Other songs on the album are about the commodification of genius as a marketing strategy or warrior culture. With Fake Palindromes, I imagined a personal ad in a newspaper where someone puts innocuous details and then gets progressively more subversive as they really want someone to pry them.

Bringing musicians into the fold for an album release proved confusing: people slept on the floor and drank a lot. So I moved to Nashville – where I made the album Weather Systems to blow off some steam – and tried to record Eggs there, but that didn’t work out either. I would tear my hair out, then jump in my truck with my gear and tour all over Europe.

“Man, you really need to go to New York or Los Angeles,” said a Chicago music bar owner. In Los Angeles, a producer directed me to a young engineer, David Boucher. Finally, after five strange and fanatical years, recording with David and the musicians in a professional environment where people work sane hours has brought to life the integrity of the album’s styles, themes, layers and many details.

I was 29 and feeling like I was back in the day, but suddenly I felt like an artist, not just someone directing my record collection. The title comes from an old magic catalog from the 1920s which says “Mystical Production of Eggs”. I changed the word “mystical” to “mysterious,” but it seems to capture the excitement of creating something that never existed before.

Andrea Trulin, Director

The first time I went to the barn to visit Andrew, I drove until there were no more cars. Much later, when I read the story of Justin Vernon making Bon Iver’s first album in a log cabin, I laughed and thought, “Dude, we did that.” But it was helpful for Andrew’s music to start a record without the usual cacophony of life in the mix, although having the album canceled twice is highly unusual.

In the barn, there were some really wild and complex orchestral rock sessions, but they didn’t sound like him. I said: It is as if you are wearing someone else’s clothing. Creating Weather Systems in Nashville was partly an attempt to get something going, because he didn’t have a record label and was dipping into his piggy bank or using his touring income to pay for the band. Part of the reason for using a barn is because there is no rent.

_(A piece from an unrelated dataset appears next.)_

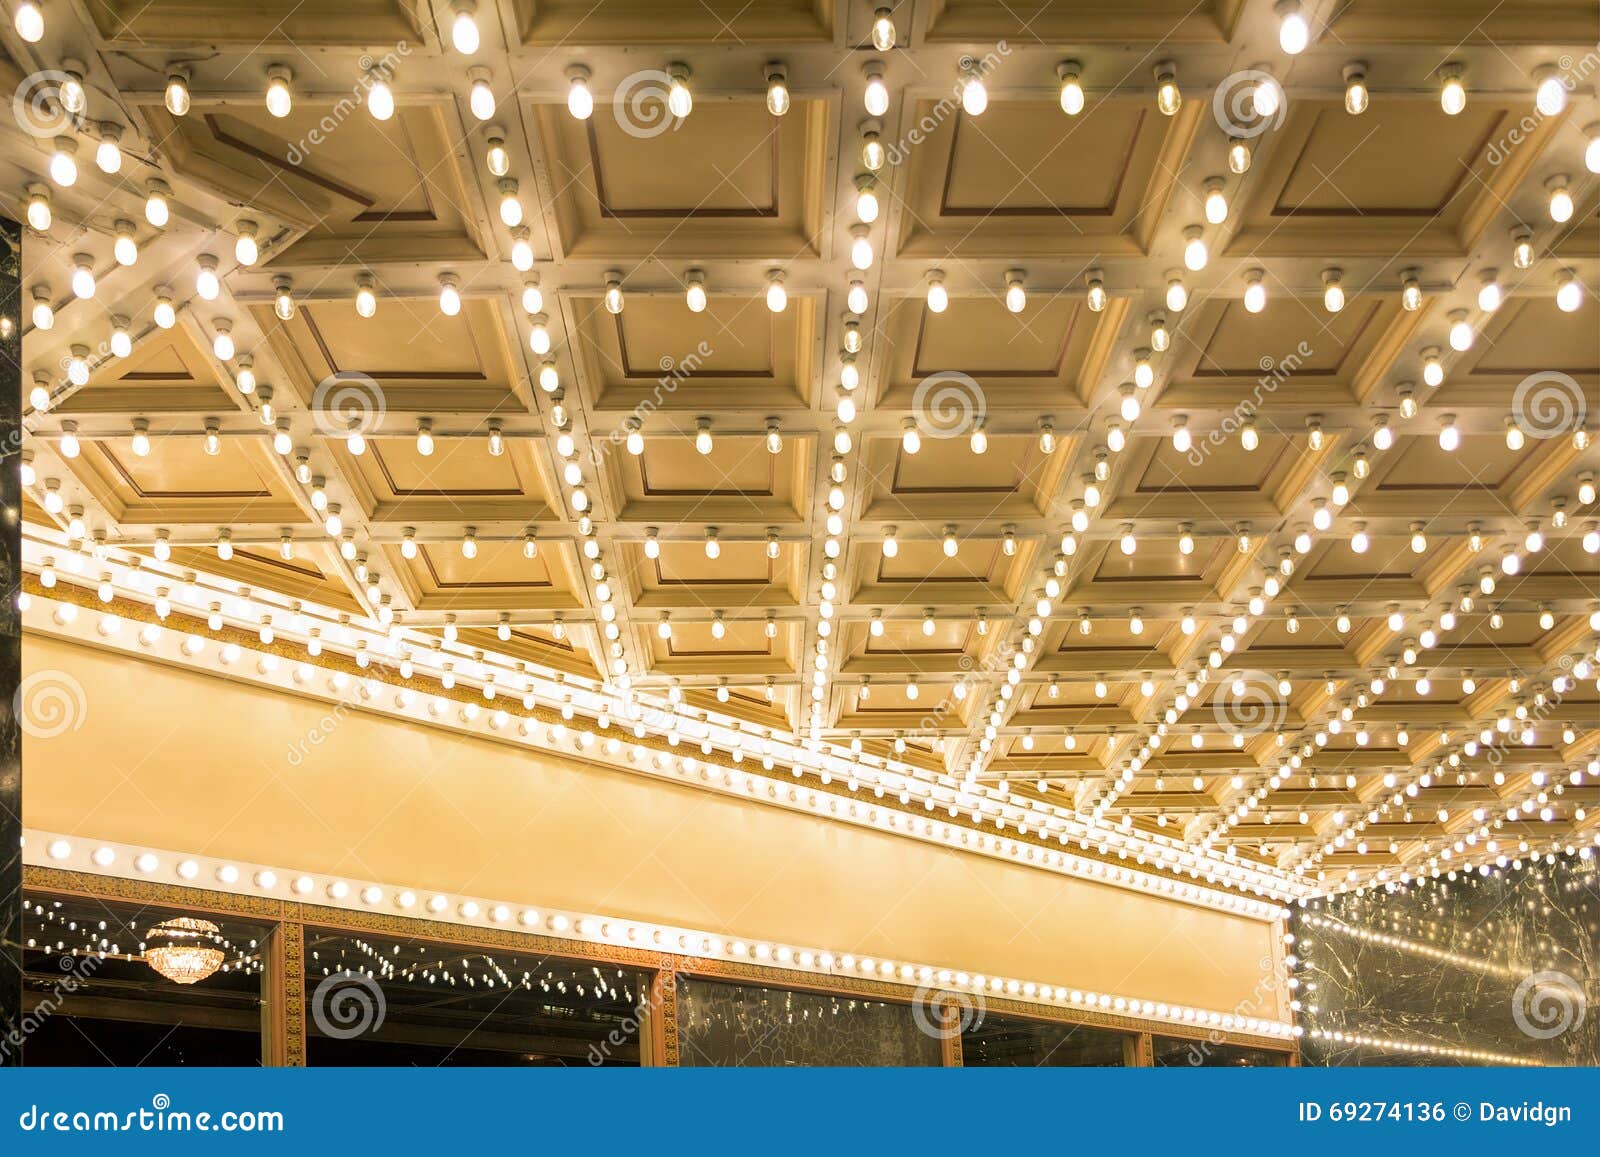 Broadway Theater Marquee Lights Stock Photo Image Of Ceiling

I went there a few times and also visited him in Nashville and Los Angeles to see what was going on. Playing the songs live helped him all the time because he was able to get immediate feedback on what worked and what didn’t. I took copious notes as we went through everything, trying to piece together the parts worth holding on to and encouraging him not to stop until he felt like it was over.

I have to have 100 CDs of Eggs with different versions of songs and track sequences before we settle on the final version. He came up with something that people found difficult to compare, because it wasn’t another version of someone else’s thing. I was thrilled when people liked it.

Andrew Bird and Britten Sinfonia’s 20th anniversary concert for The Mysterious Production of Eggs will be held at the Barbican, London, on 28 February.